Experience - The Prodigy (XL Records, 1993) were not faceless, but you had to flip the LP cover to see these guys. I’m assuming the strategy for music labels back then was to not spend tons of money on photo shoots, because this music and scene was still relatively new and often a gamble. In 1992, these guys wore baggy pants and looked like how ravers did at this time (whenever journalists did report about the scene). This will change later on, as the English rave scene fades away and stagnantly splits into several different sub-culture movements for the remainder of the 1990s. Instead of following the current musical fads, these guys dig deep for inspiration and will look back at 1970s punk culture for their Fat Of The Land album. Experience is the pinnacle of UK breakbeat (aka UK hardcore) and it never gets enough praise (at the very same stance). Their next album, Music For The Jilted Generation, is even more substantial for its time, while getting even less.
Utd. State 90 - 808 State (Tommy Boy Records, 1990) are to acid house like how The Beatles are to pop music. They need little introduction, due to their seniority. They are veterans and we can thank them for giving us A Guy Called Gerald. Utd.
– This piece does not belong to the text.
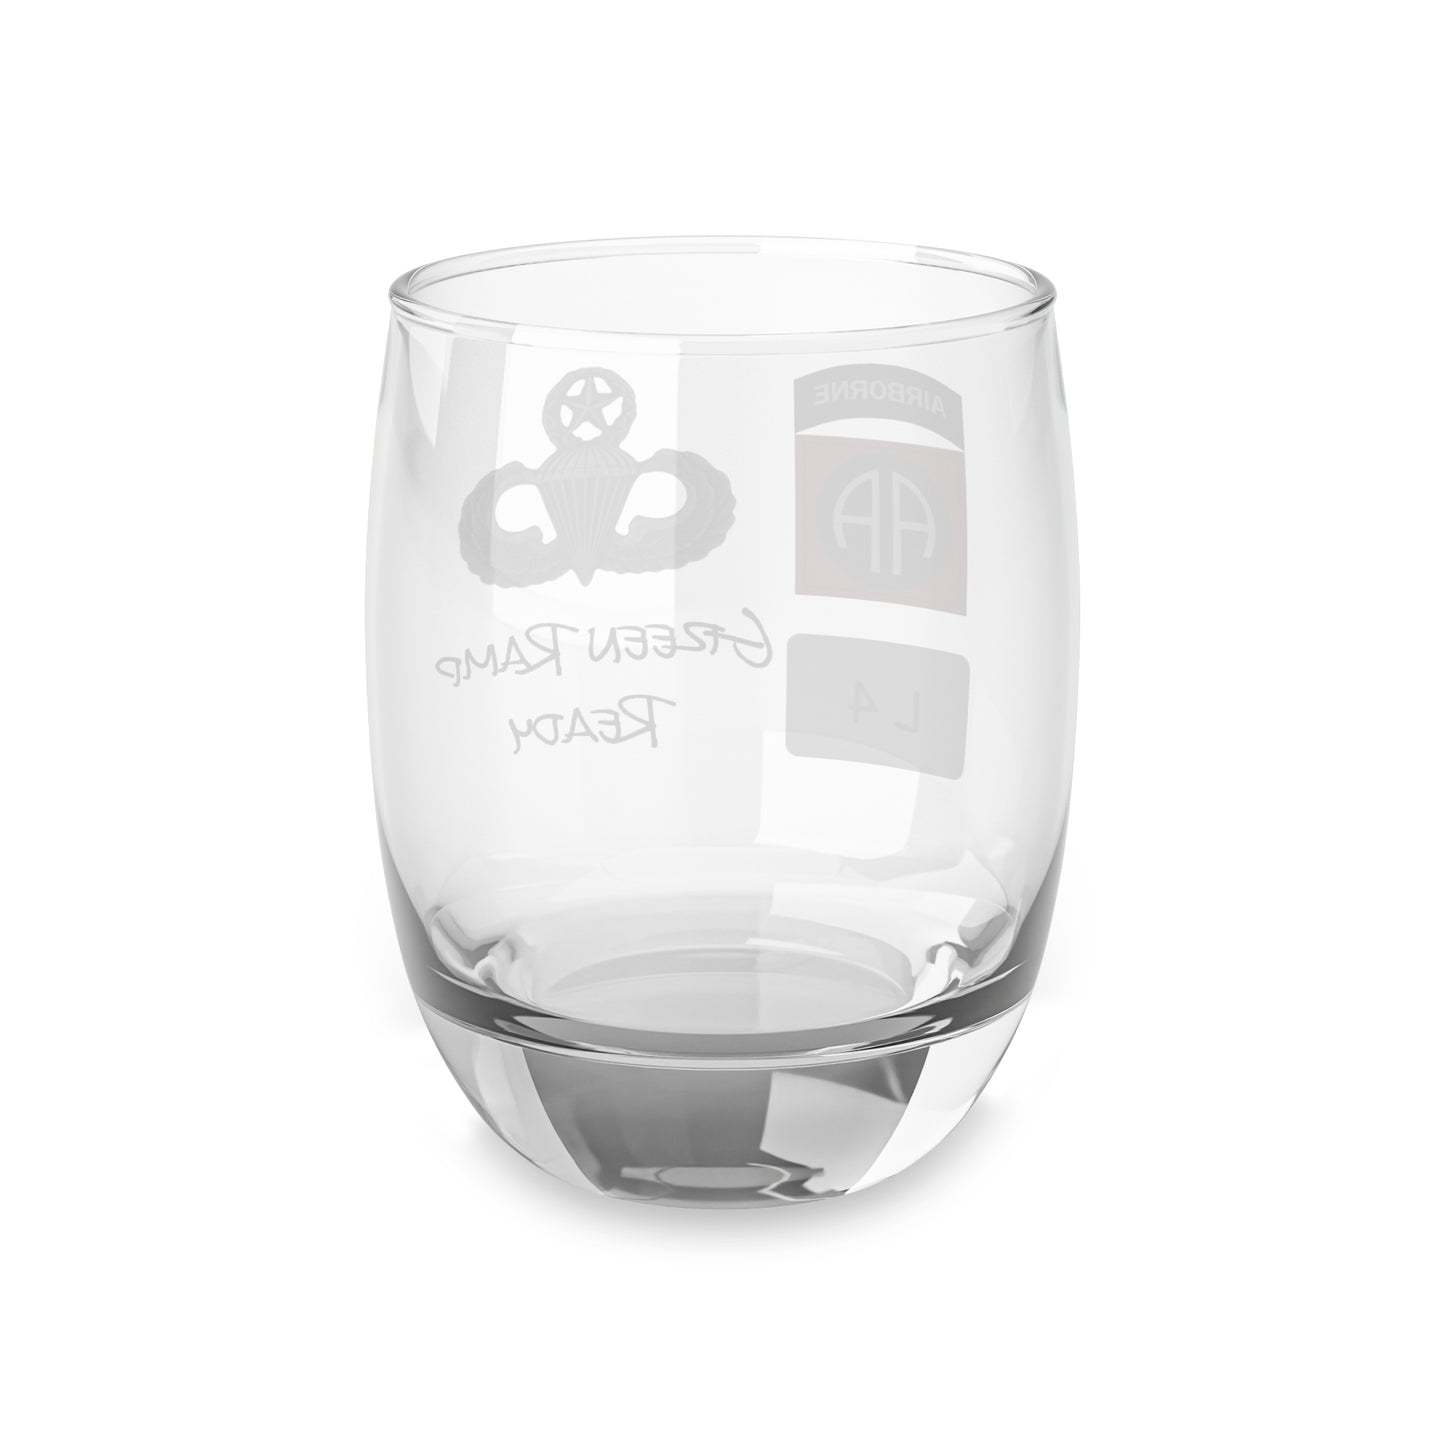 Green Ramp Ready Master Wing Whiskey Glass Jumper L4
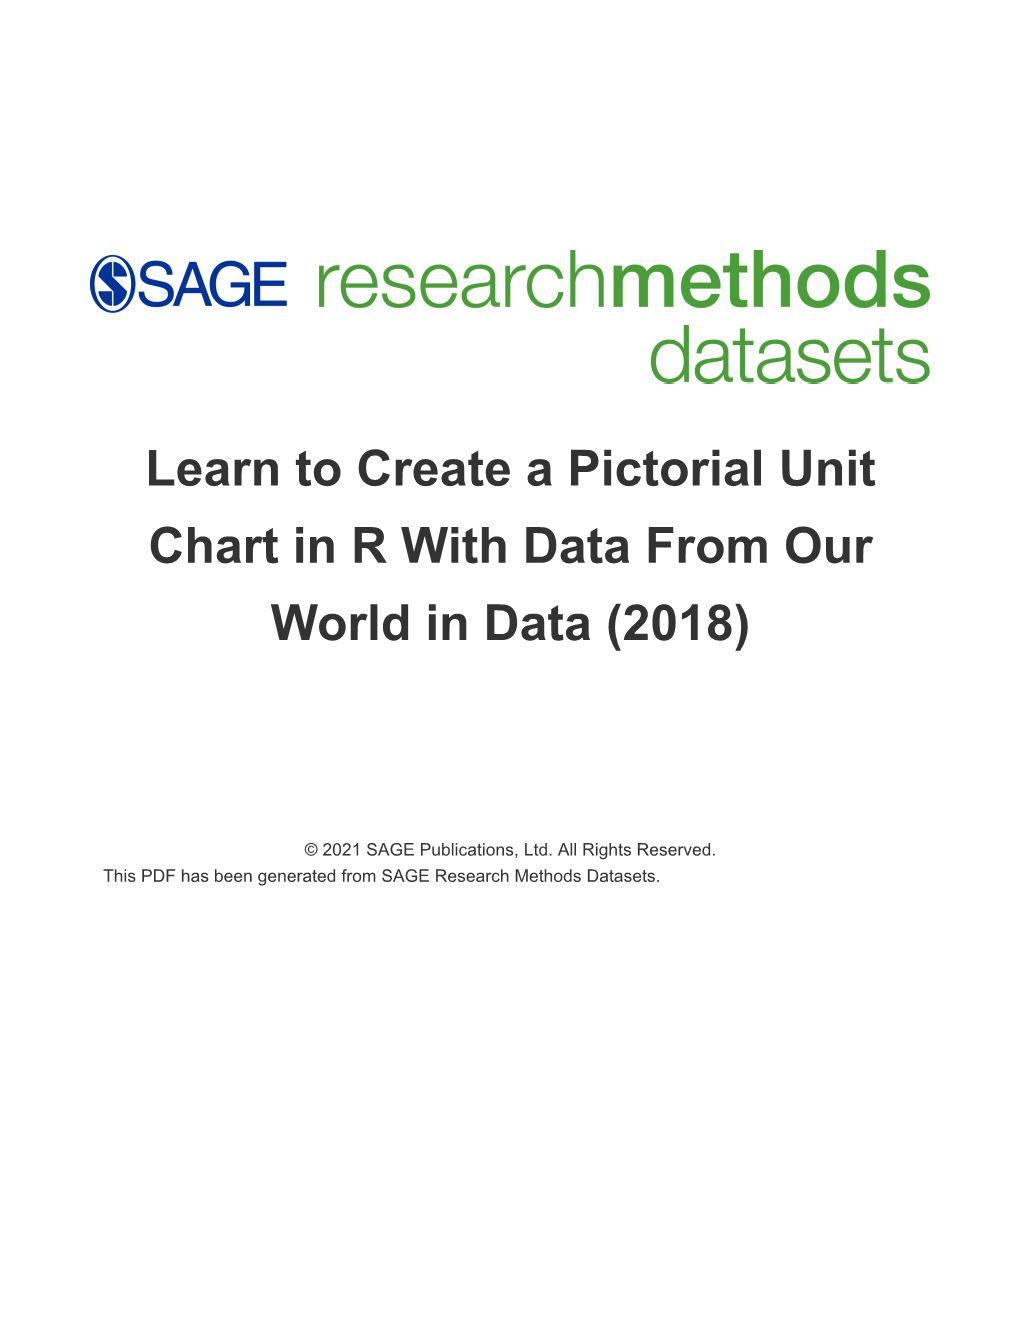 Learn to Create a Pictorial Unit Chart in R with Data from Our World in Data (2018)

State 90 is not a real album, as the case with Moby’s debut and similar releases at this time. It’s just a compilation. It contains work from their previous album, Ninety and tracks which appears on the Extended Pleasures of Dance EP, some unreleased material and additional US remixes (including an uncredited remix of Pacific State by Frankie Bones and Tommy Musto). It should go without saying, but this is techno at its finest. Pacific State was written with A Guy Called Gerald as an acid house track on Quadrastate, but was remixed into a techno number for this album and Ninety. Just when acid house was about to get redundant, then we had tracks like this, having more of a Detroit techno influence, but channeling deeper into the likes of Miles Davis or Herbie Hancock.